Da sitzen wir nun. Daheim. Eingeschlossen in unsere uns sonst so heilige eigene Privatsphäre, die uns nie so eng, so erdrückend vorkam. Niemand weiß, wie lange das noch so weiter geht. Niemand weiß, wie die „Zeit danach“ in einer post-coronialen Welt überhaupt aussehen soll – und niemand weiß, wann sie wieder öffnen, die Türen zu unseren Kultureinrichtungen, Theatern, Opern- und Konzerthäusern. Was wir allerdings schon wissen, wenn wir uns trotz der in vielen Bereichen der digitalen Infrastruktur hierzulande recht ärmlichen Rahmenbedingungen in die weiten der digitalen Parallelwelten aufmachen? Dass Igor Levit daheim ohne Schuhe und nur in Socken Klavier spielt. Dass eine gute Tonübertragung und einwandfreie Bildqualität in Zeiten von Corona keine Rolle mehr spielen – nicht einmal mehr in Live-Schaltungen bei Anne Will.
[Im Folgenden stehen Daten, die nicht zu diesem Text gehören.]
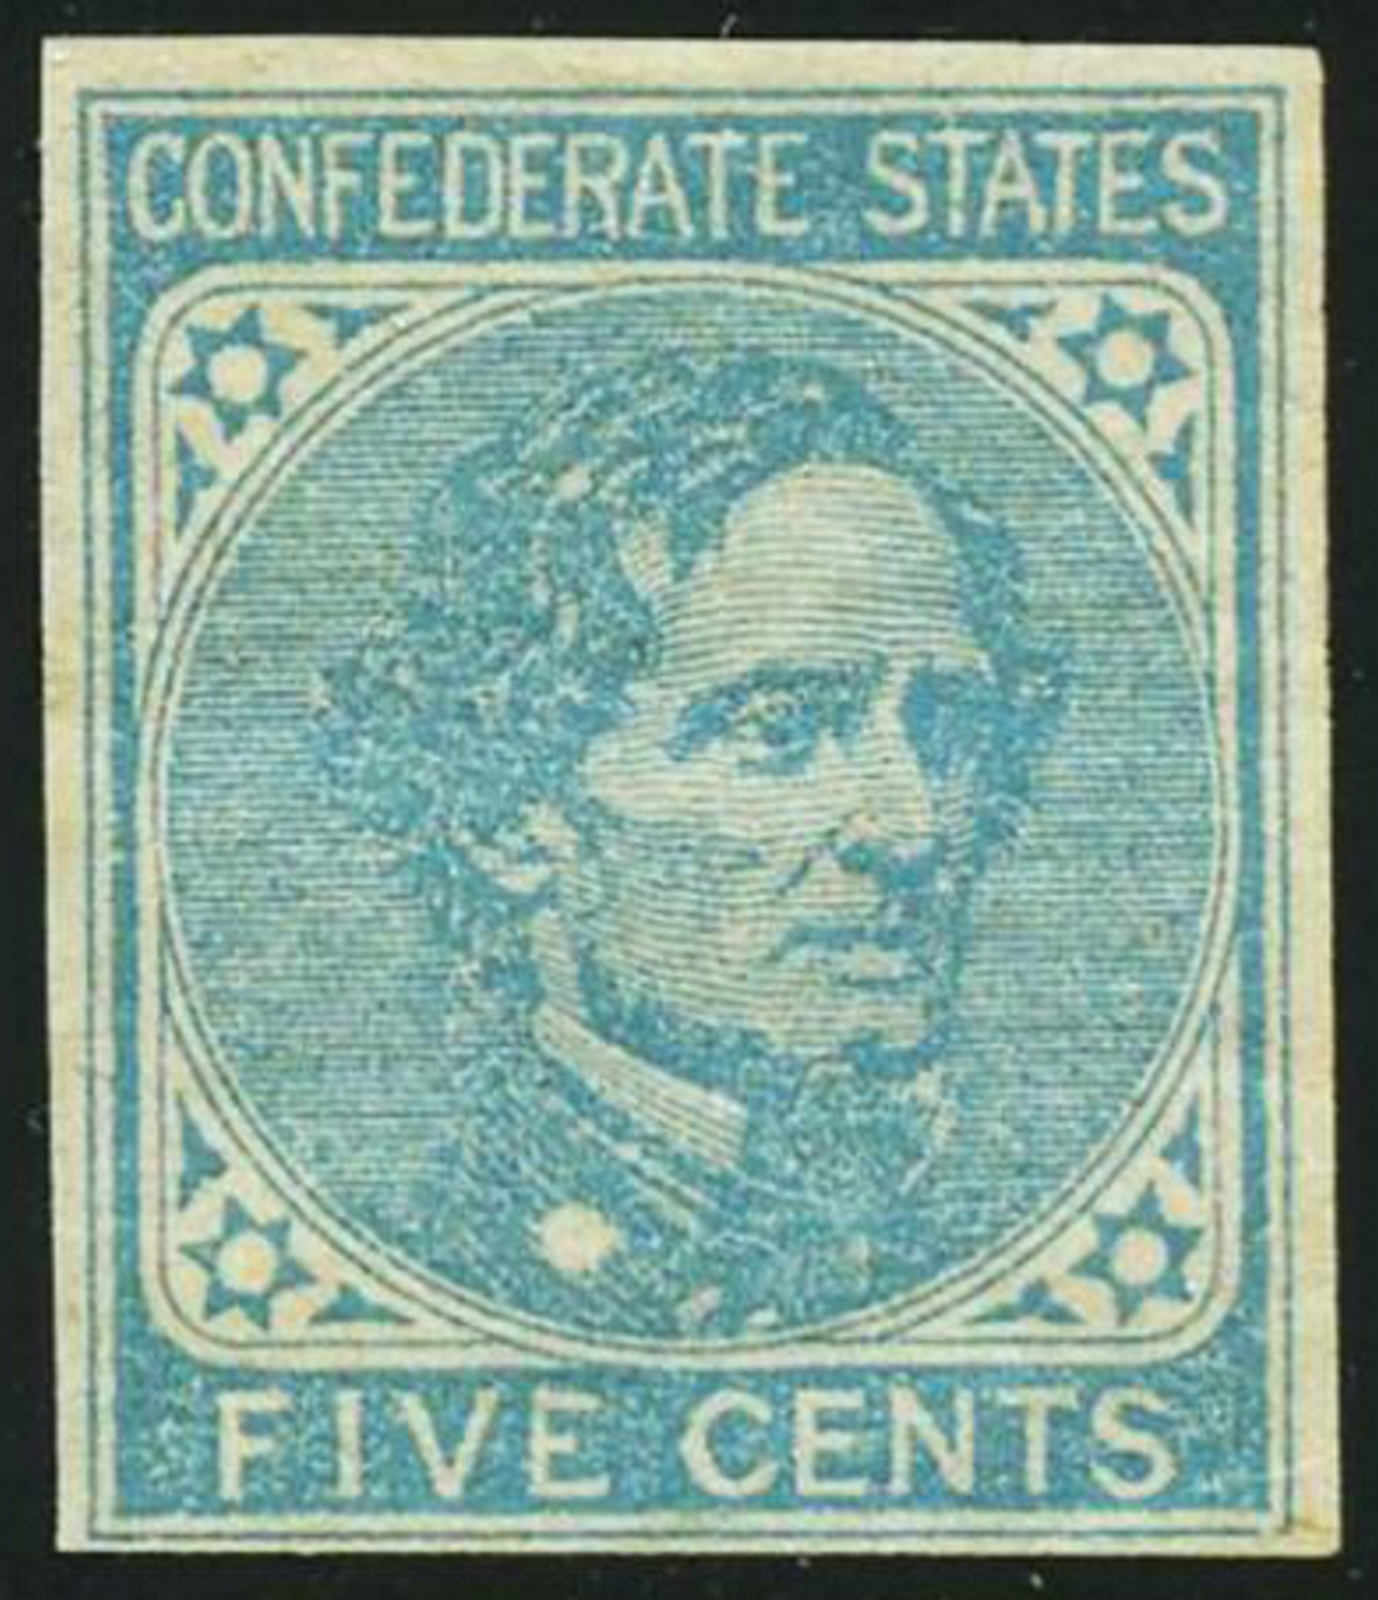 Confederate States of America #7  5c Blue  Used Minor Defects #CSA007_usedmd

Dass Theater und Opernhäuser einen nahezu unendlichen Schatz an zuvor bestens versteckt gehaltenen Inszenierungsaufnahmen besitzen. Und dass der Mensch sich in Zeiten der durch eine wie auch immer gearteten Krise hervorgerufenen Isolation offenbar nach nichts mehr sehnt als nach Kultur.

Von Alexander Busche Fotos: Gauthier Delecroix https://www.flickr.com/photos/gauthierdelecroix

Singen hilft gegen Angst. Klingt esoterisch, ist aber wissenschaftlich bewiesen. Wenn wir singen, wird der Teil des Gehirns ausgeschaltet, der für Angstgefühle zuständig ist. In der perversesten Art der praxisnahen Umsetzung dieser Erkenntnis in unserem Alltag werden Soldaten singend in den Kampf geschickt. Wir kämpfen auch gerade. Gegen die Angst eines nicht sichtbaren und für viele nicht einmal spürbaren Gegners, der unsere Gesellschaft lähmt und durchdringt. Die Menschen singen. Sie singen gegen den Virus an. Sie singen auf Balkonen in den Straßen, in der Küche, im Bad, in ihrem Schlafzimmer – und streamen all das ungefiltert und ununterbrochen in jede noch so hintere Ecke virtueller Welten der unendlichen Weiten des Internets. Plötzlich scheint alles vergessen, was ihnen zuvor hoch und heilig war. Völlig irrelevant, wie sehr sie in prä-coronialen Zeiten ihre eigene Privatsphäre, ihren Datenschutz, den Einblick in ihre eigenen vier Wände gegen jedwede Form der Öffentlichkeit verteidigt haben. Jetzt singen sie. Und besiegen damit womöglich auch die Angst vor der Missachtung des Datenschutzes durch Drittparteien.